● **INSTRUCTIONS FOR THE TASK**
Your copy runs from the line containing "flavor cave" through the last line of the listing, both included. Restate those lines word for word and leave out pictures.

● **RAW DATA**
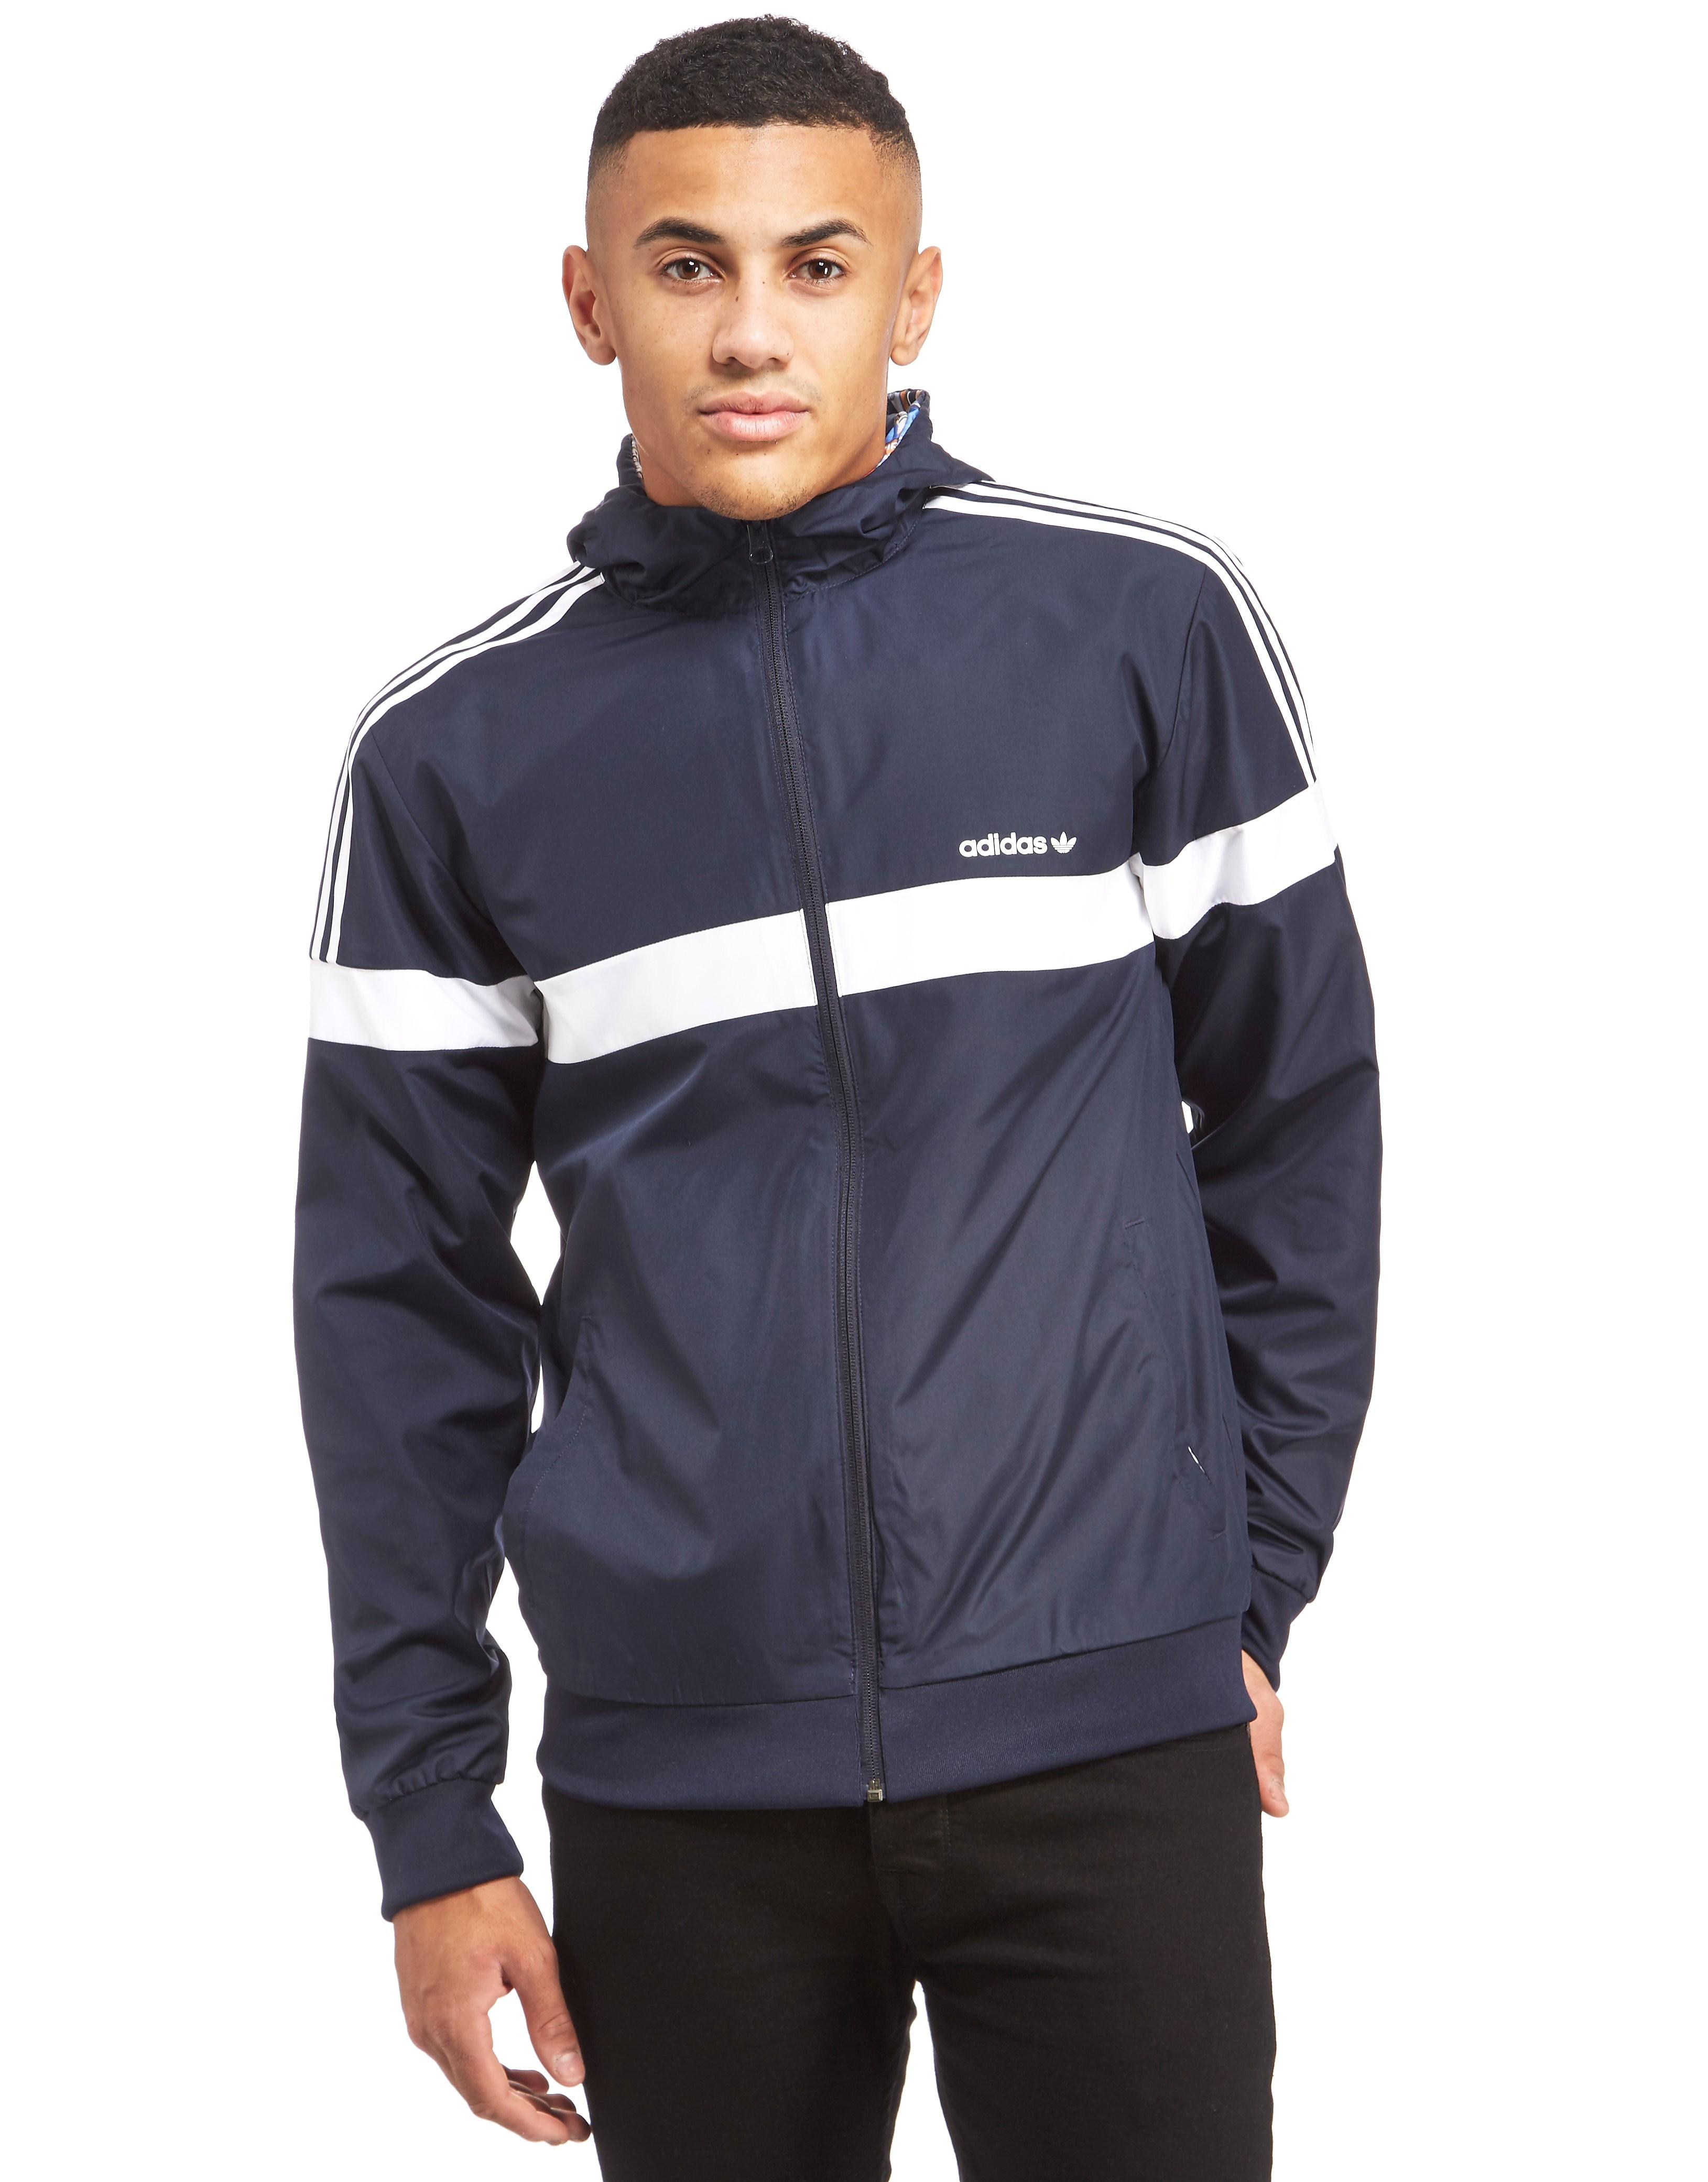 adidas Originals Itasca Collection Reversible Windbreaker Jacket
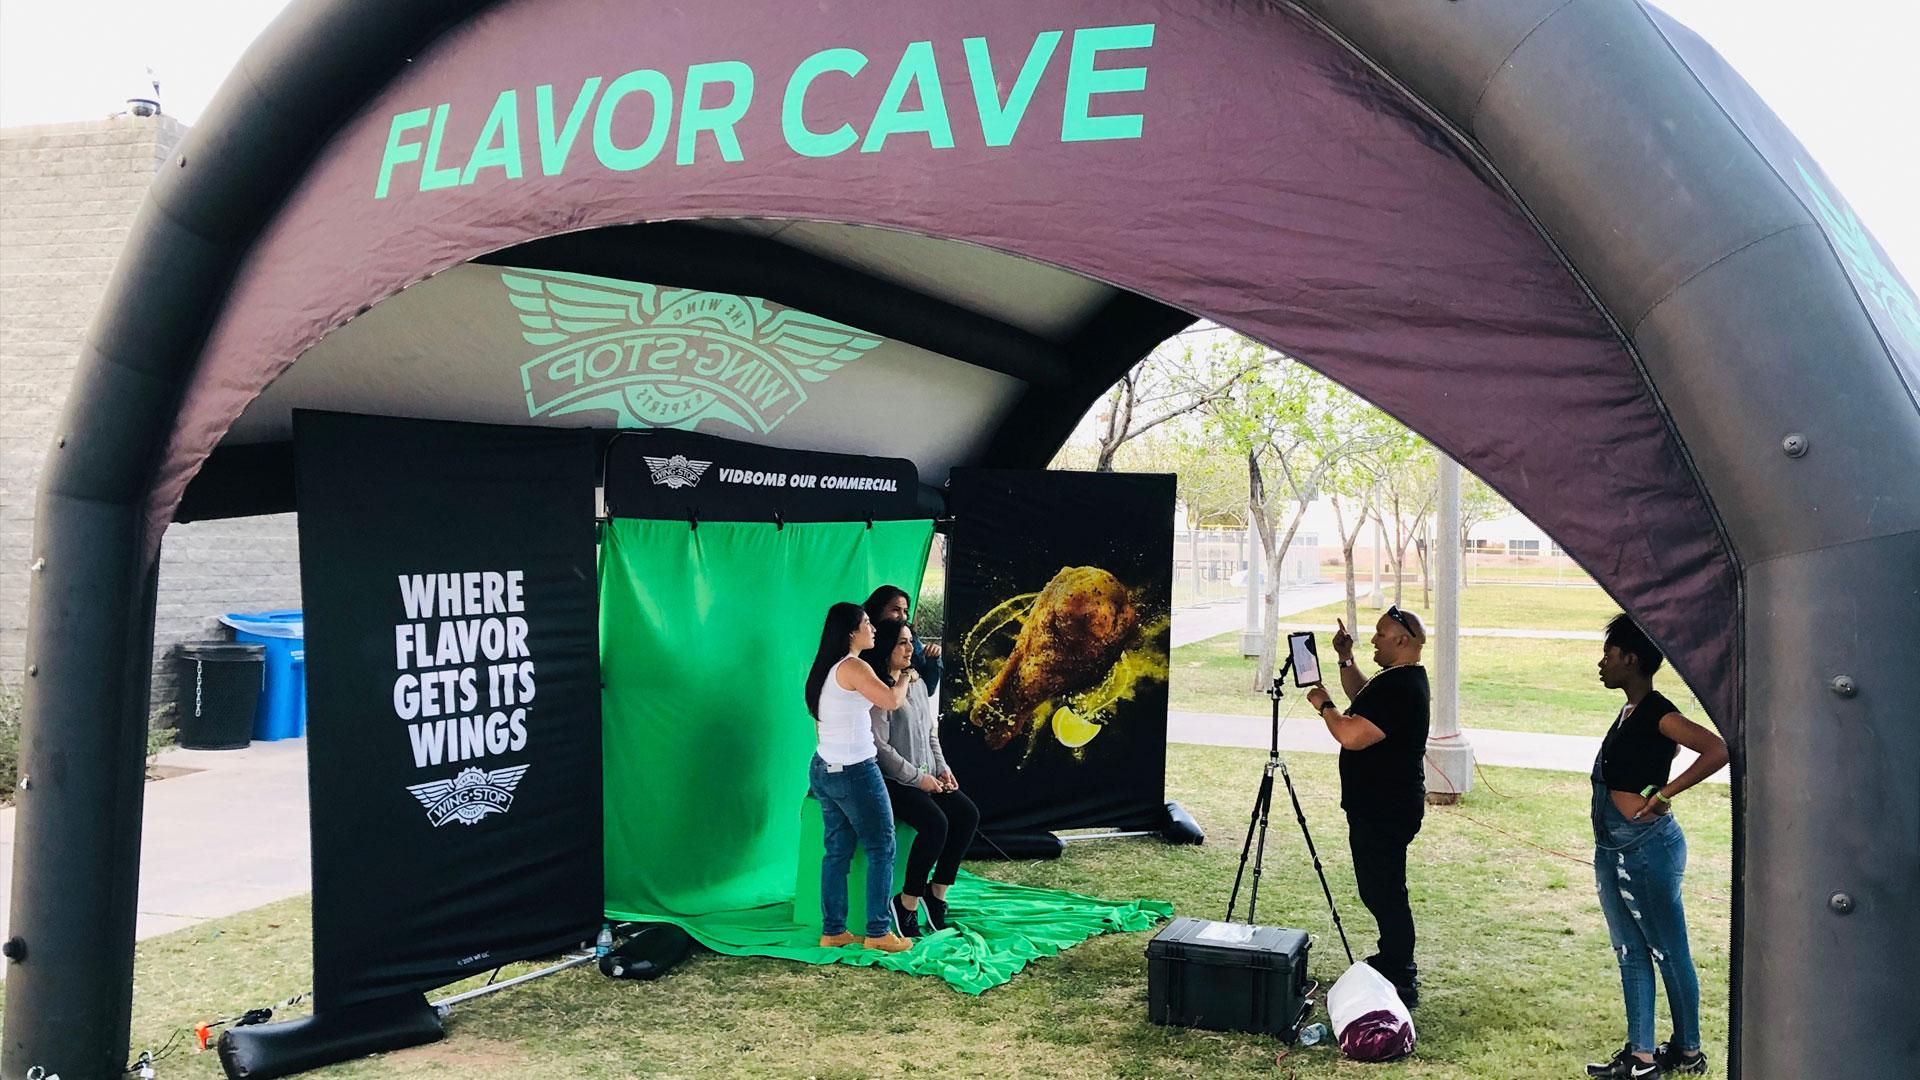 flavor cave
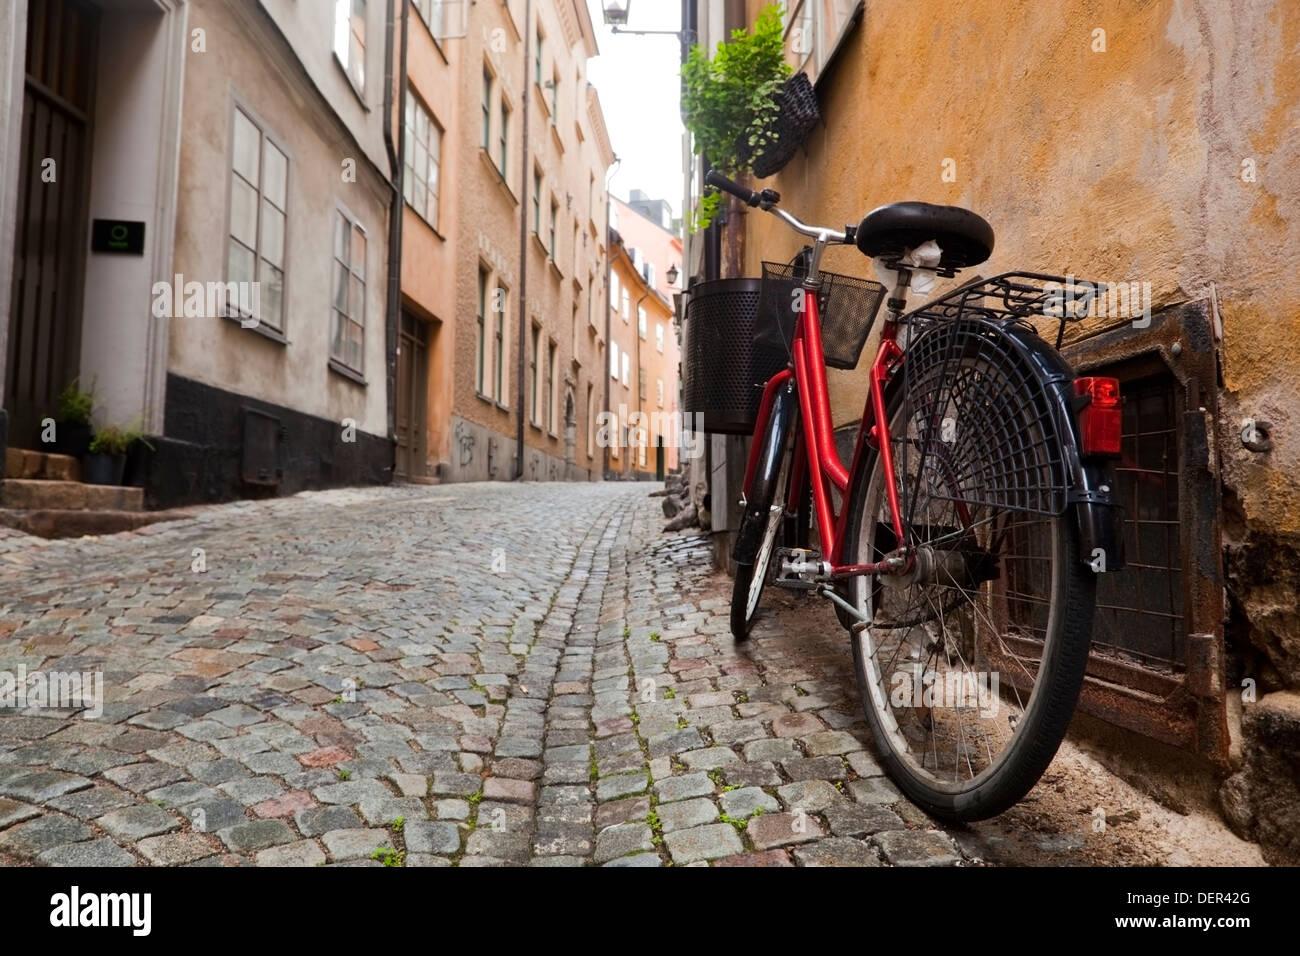 Una bici in hotel di Gamla Stan città vecchia di Stoccolma, Svezia, Europa Immagini Stock

● **ANSWER FOR THE TASK**
 flavor cave
 Una bici in hotel di Gamla Stan città vecchia di Stoccolma, Svezia, Europa Immagini Stock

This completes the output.